L’immigration aurait donc bien pour effet semble-t-il de faire baisser les salaires – et / ou d’accroître le taux de chômage – des autochtones les plus directement en concurrence avec les nouveaux immigrés sur le marché du travail, à savoir les non qualifiés dans le cas d’une immigration assez largement non qualifiée comme c’est le cas pour la France3. L‘effet, dont l’ampleur est débattue, est en principe maximal à « court terme », i.e. pendant le temps nécessaire pour que le stock de capital s’ajuste. Il pourrait persister à moyen et long terme, pour autant que l’offre de travail qualifié soit « inélastique », c’est-à-dire peu sensible au niveau de rémunération : car dans ce cas si la rentabilité du capital accrue par l’afflux de main d’œuvre immigrée non qualifiée entraîne une accumulation du capital qui tend à ramener le salaire moyen vers son niveau d’équilibre, la main d’œuvre qualifiée reste – du fait de l’offre inélastique – relativement rare – donc chère – faute de pouvoir s’ajuster rapidement aux nouvelles conditions économiques.

Au total, les conditions d’existence des non qualifiés autochtones sont affectées de deux manières par l’immigration de main d’œuvre non qualifiée : celle-ci tendrait à déprimer leurs salaires et à accroître leur chômage. A contrario, les classes supérieures bénéficient d’un abondant réservoir potentiel de main d’œuvre domestique faiblement payée. On comprend aisément, dans ces conditions, que l’immigration se heurte à une hostilité bien plus marquée au sein des classes populaires qu’au sein des classes moyennes ou supérieures, ces dernières disposant en outre de moyens financiers bien supérieurs à ceux des autochtones modestes qui leur permettent d’échapper au voisinage des populations immigrées.

On nous objectera que des immigrés non qualifiés viendraient occuper des emplois jugés « peu gratifiants » dont les autochtones ne voudraient pas ou plus, aux niveaux de salaires qui prévalent dans ces activités. Notons d’abord à cet égard que les immigrés ne se précipitent pas tous en masse pour occuper de tels emplois, puisque le taux d’emploi des immigrés de 15 à 64 ans (hommes comme femmes) est très sensiblement inférieur à celui des natifs (cf. Robert, 2024).
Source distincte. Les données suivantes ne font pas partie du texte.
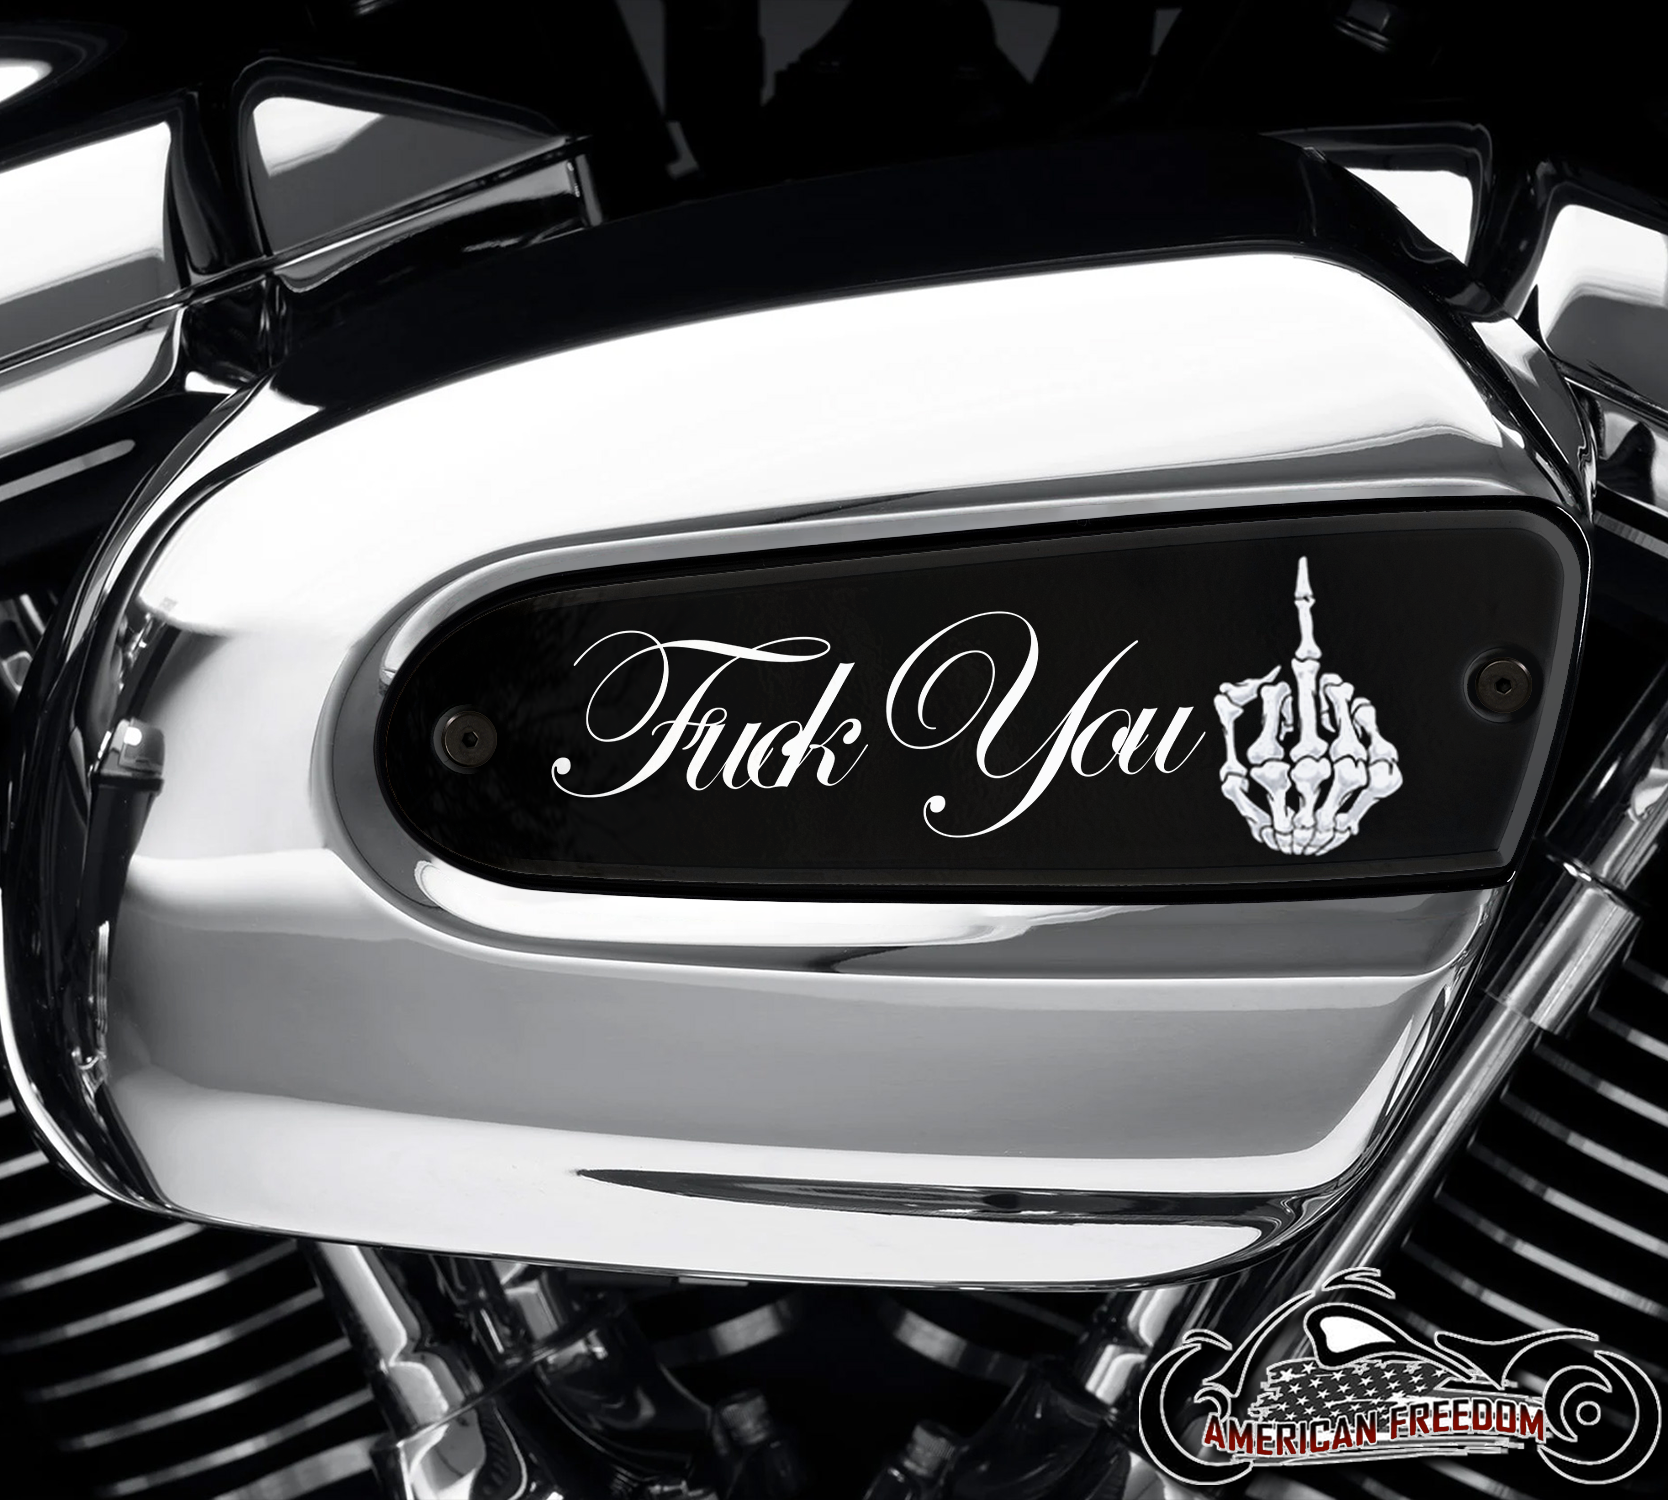 Harley Davidson Wedge Air Cleaner Insert - F You

D’autre part, il convient de s’interroger sur l’intérêt financier que peut présenter pour la collectivité nationale le fait de faire venir des immigrés pour occuper ces emplois à la place de natifs à qui il faut en contrepartie verser des aides sociales : ne vaudrait-il pas mieux inciter les natifs à occuper ces emplois (ce qui nécessite sans doute d’en revaloriser les salaires) ? Il est probable que la communauté nationale considérée dans son ensemble y gagnerait.
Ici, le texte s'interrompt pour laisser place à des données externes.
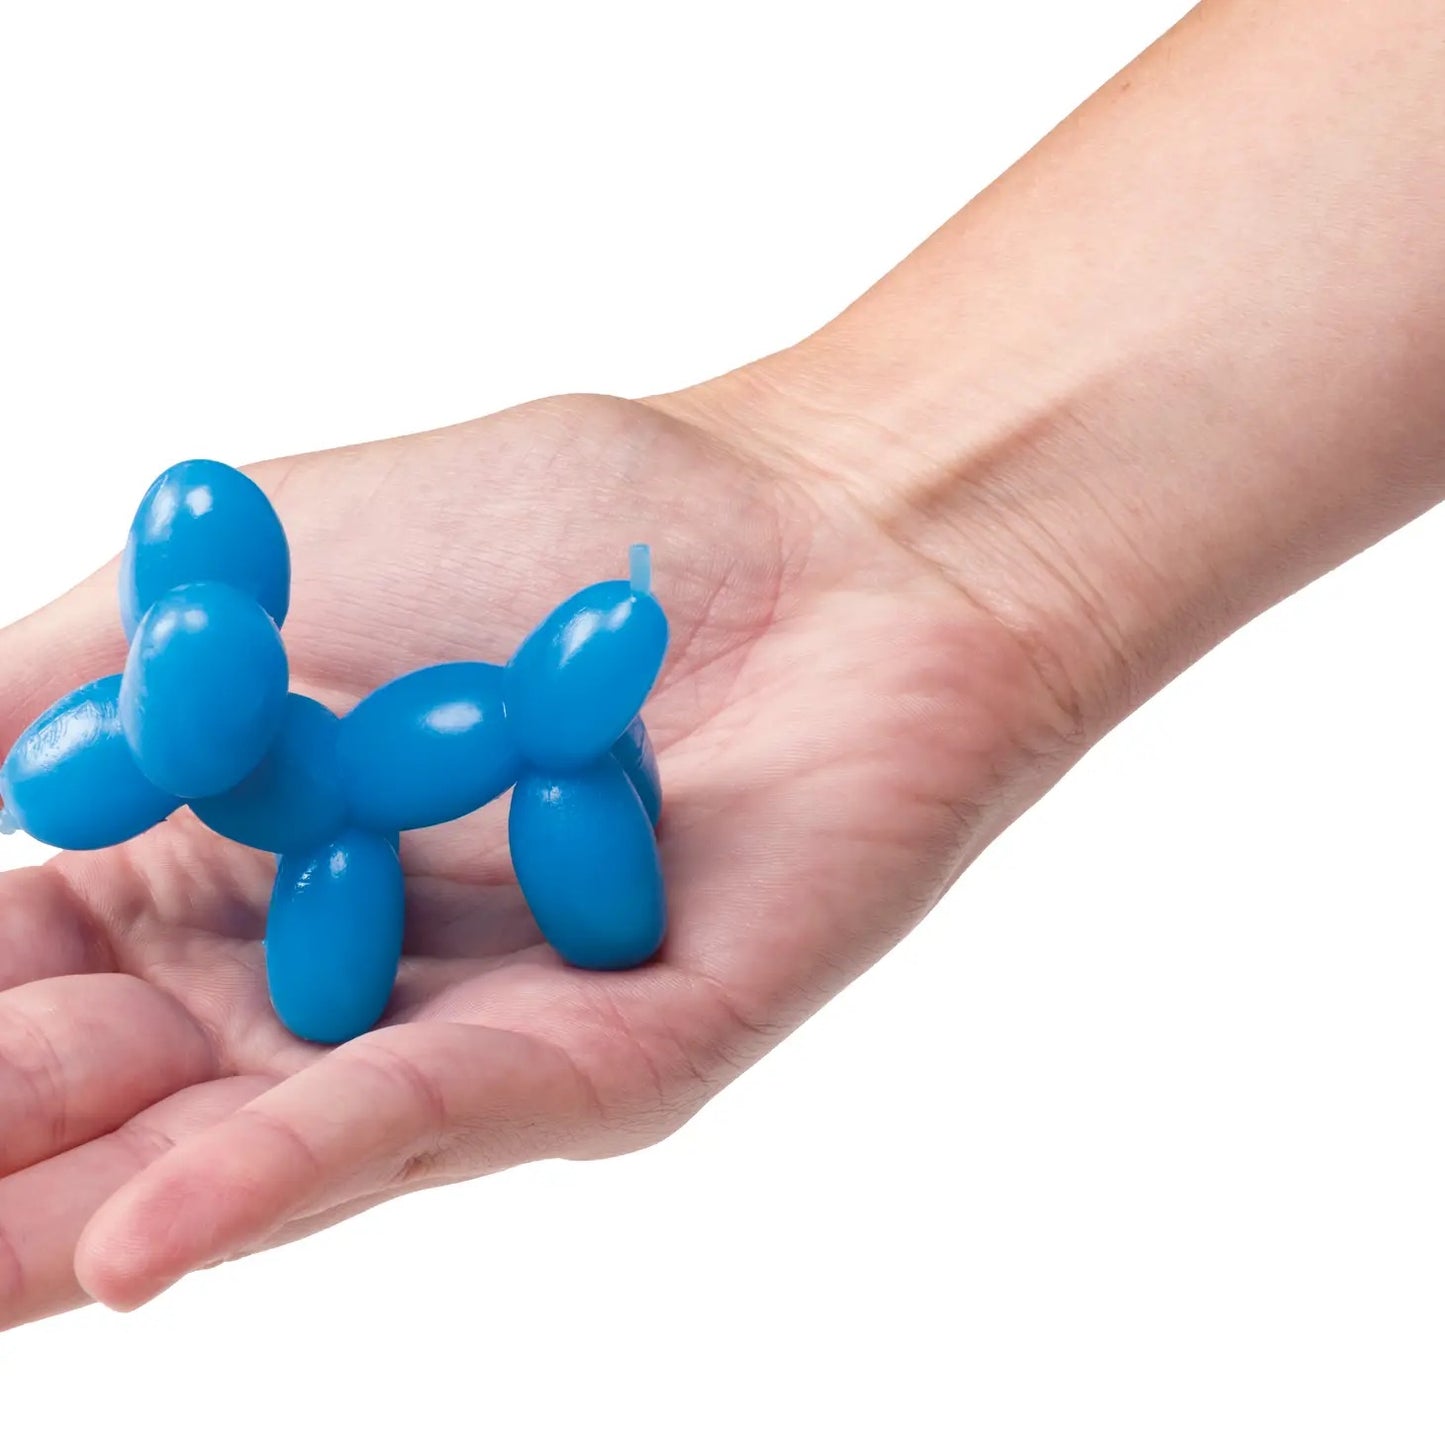 Balloon Dogs (kids toy)

Il y a bien eu sous Nicolas Sarkozy une volonté de favoriser plutôt l’immigration qualifiée, plus particulièrement pour certaines professions identifiées comme étant « en tension » (Stefanini, 2020 aborde le dispositif en détail). Cette inflexion était de nature à combler des besoins très particuliers, pour lesquels l’offre de formations en France a peiné à répondre avec diligence (médecins du fait du numerus clausus, métiers informatiques…). Toute politique qui s’efforce de faciliter l’immigration de main d’œuvre dans les professions « en tension » présente toutefois une limite et un gros inconvénient :

  • La limite tout d’abord : en règle générale, en pratique, le lien entre la formation dont on a bénéficié et les métiers qu’on peut ensuite exercer est assez lâche : une formation donne souvent accès à plusieurs métiers, et un même métier peut souvent être exercé après avoir suivi diverses formations. Il y a bien sûr des exceptions, comme les médecins ou les avocats, mais dans l’ensemble l’absence de relation strictement binaire entre formation et métier complique la gestion d’un dispositif de canalisation de l’immigration vers les métiers en tension. Au surplus, il n’est pas sûr que les formations médicales suivies dans d’autres pays comme la Roumanie et la Syrie soient d’un niveau comparable à celles suivies en France ;
  • L’inconvénient : c’est une solution de facilité, mobilisable dans l’urgence, qui a pour effet de rendre moins impérieuses (et donc de freiner) les adaptations du système éducatif nécessaires pour répondre aux besoins de main d’œuvre des entreprises.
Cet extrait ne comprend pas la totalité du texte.